▶ **Problem statement**
Everything in the listing below should be repeated verbatim, apart from the pictures.

▶ **Information provided**
==============================
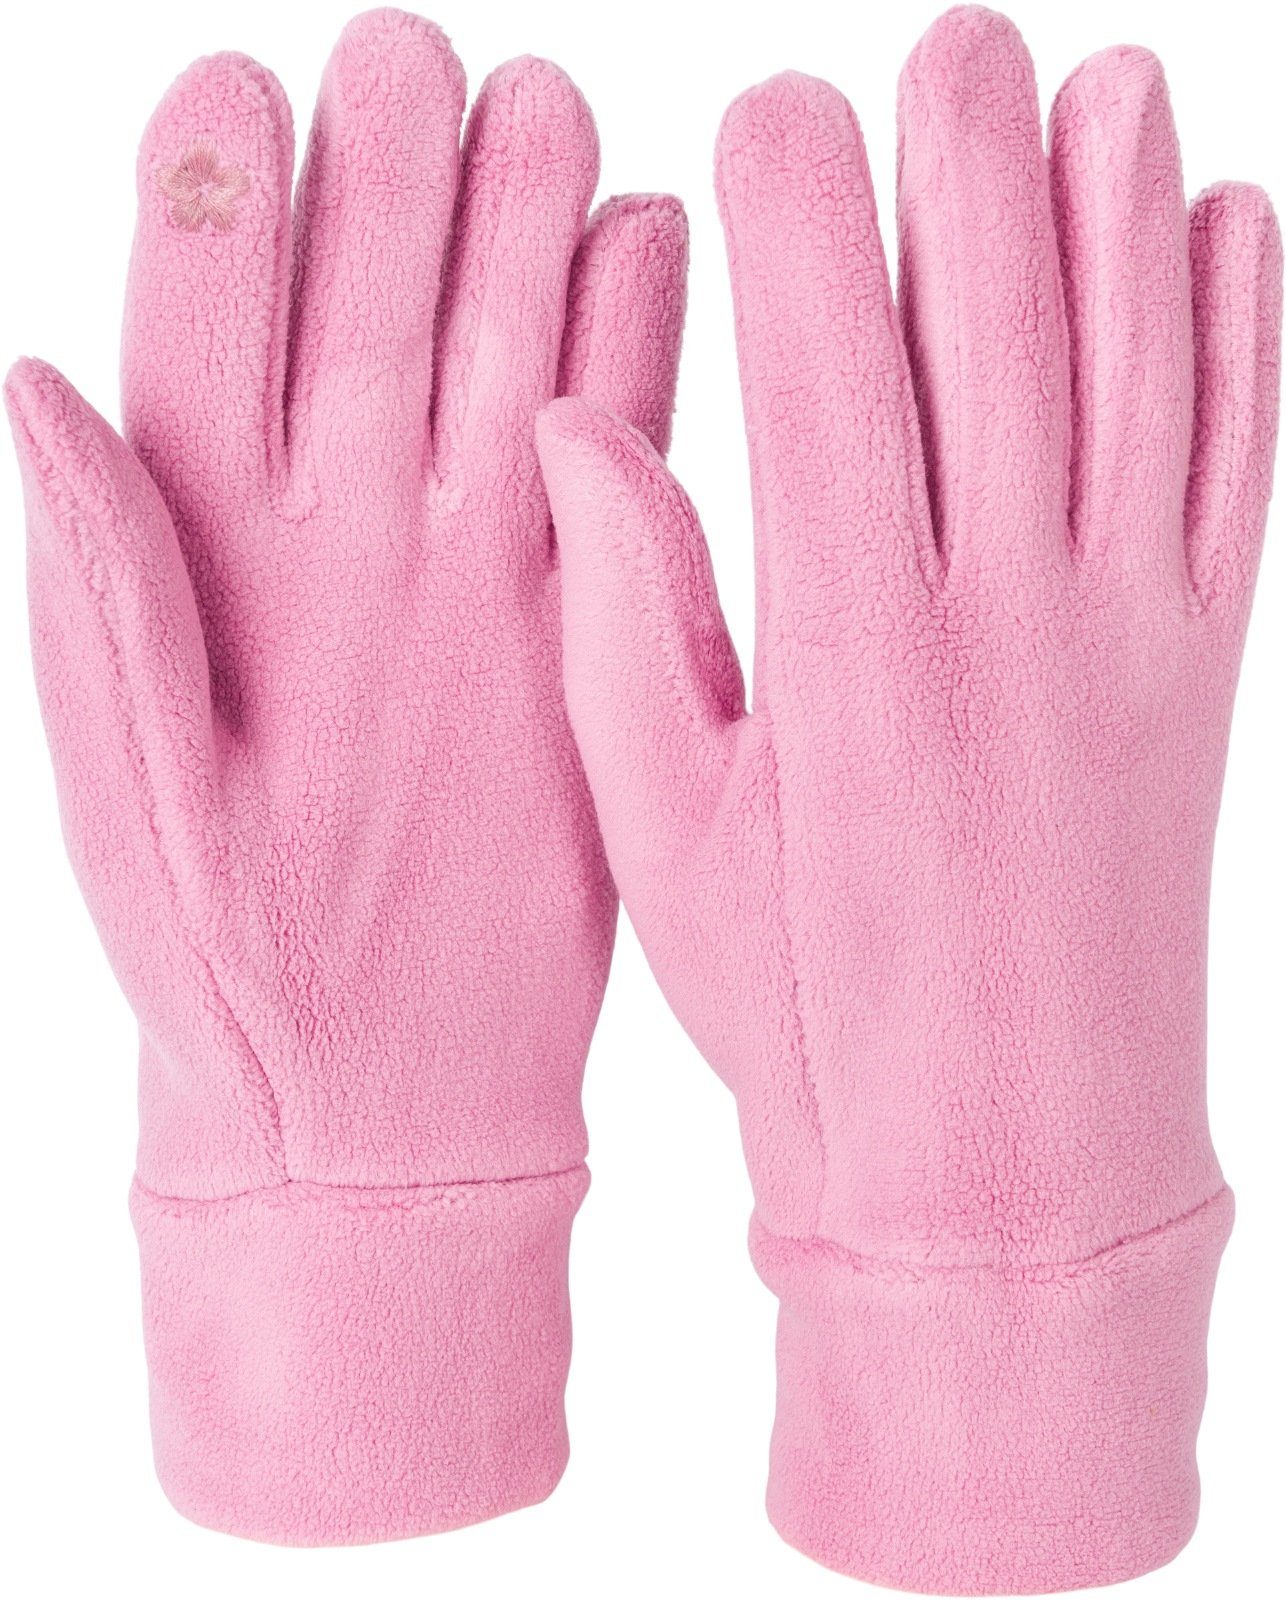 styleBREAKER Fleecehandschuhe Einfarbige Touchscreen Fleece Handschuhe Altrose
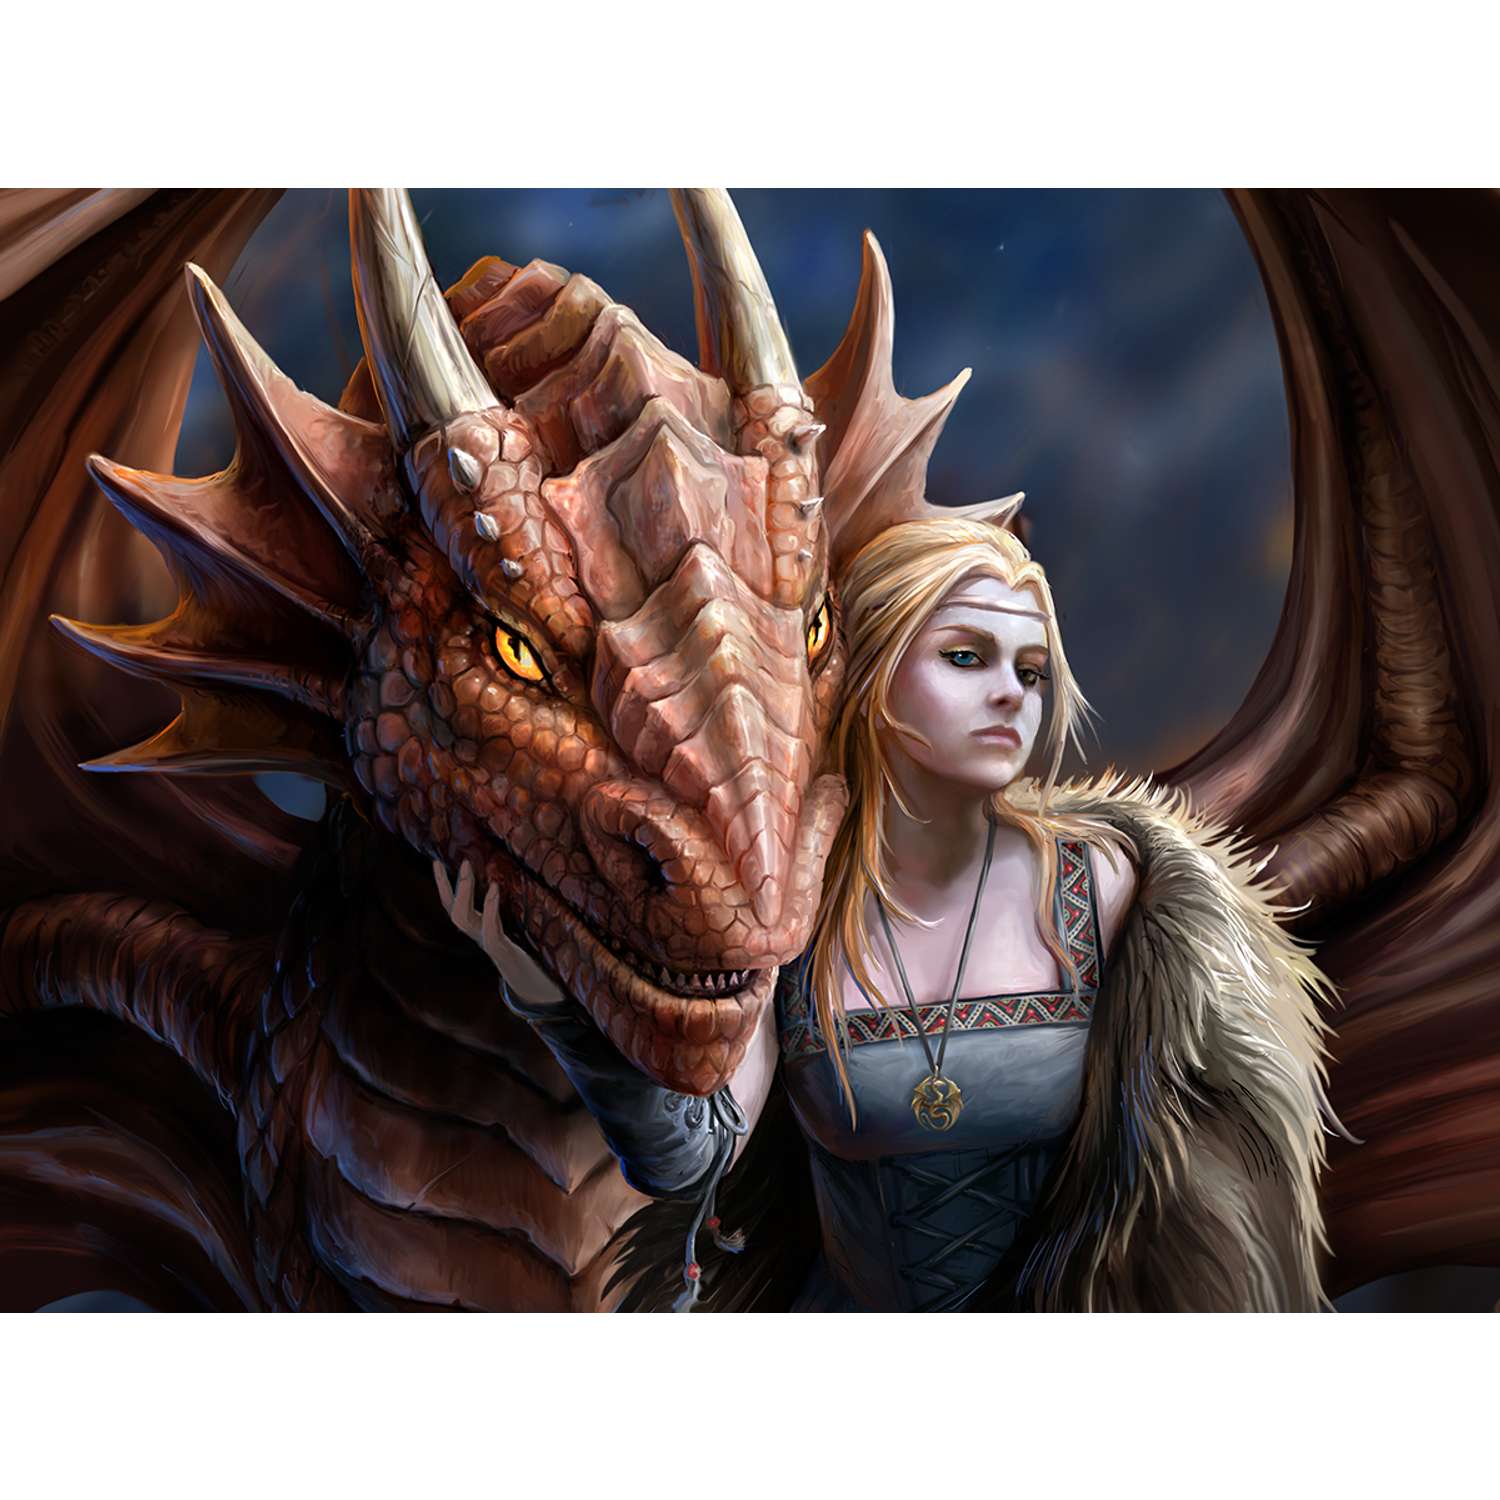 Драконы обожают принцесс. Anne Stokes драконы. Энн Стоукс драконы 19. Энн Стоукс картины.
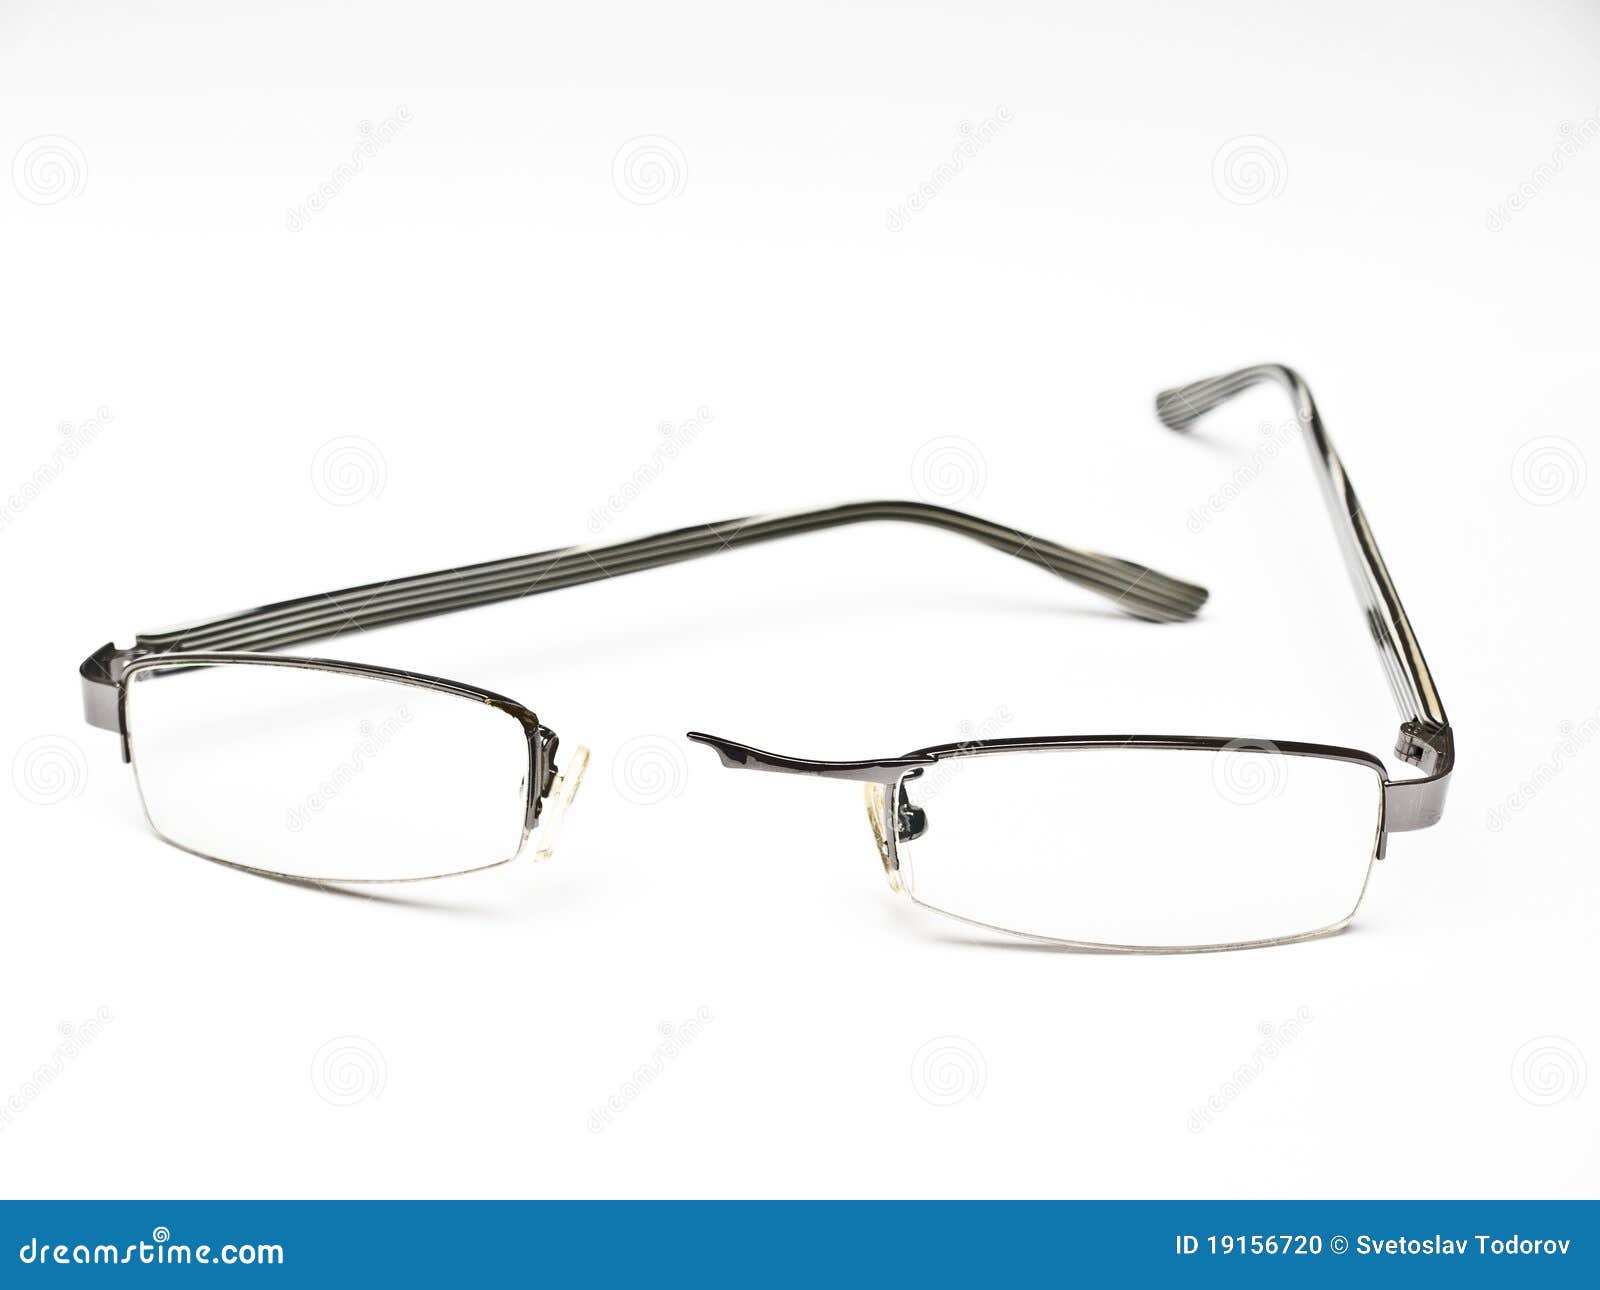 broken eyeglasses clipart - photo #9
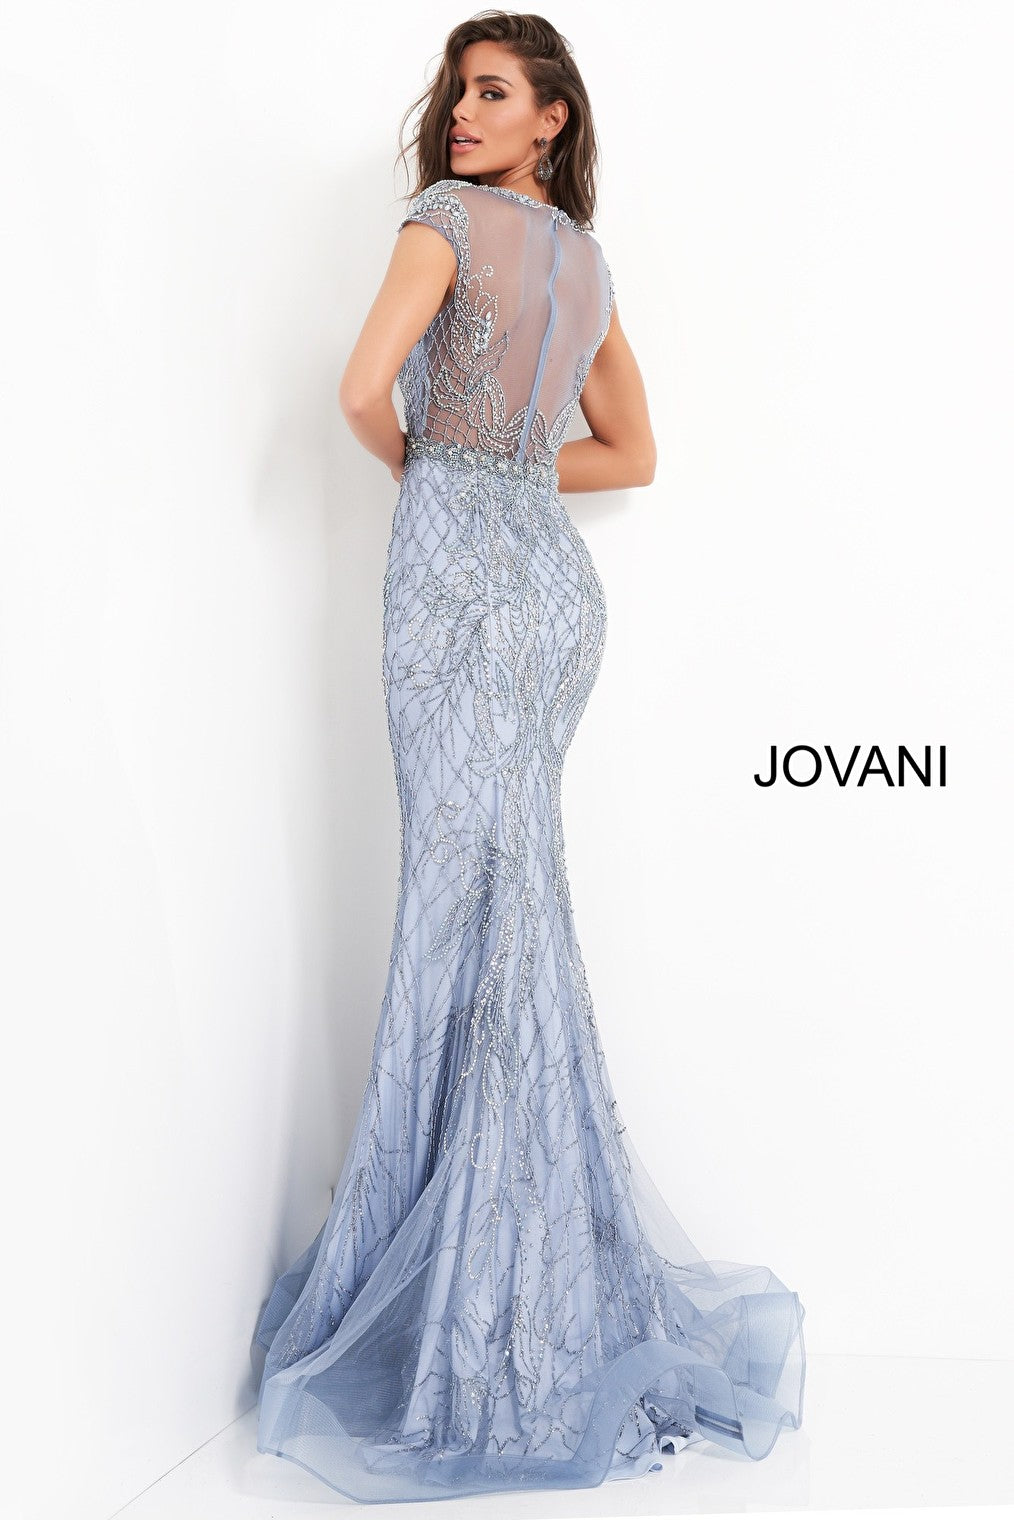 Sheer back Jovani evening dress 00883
==============================
▶ **The completed task**
 styleBREAKER Fleecehandschuhe Einfarbige Touchscreen Fleece Handschuhe Altrose
 Драконы обожают принцесс. Anne Stokes драконы. Энн Стоукс драконы 19. Энн Стоукс картины.
 broken eyeglasses clipart - photo #9
 Sheer back Jovani evening dress 00883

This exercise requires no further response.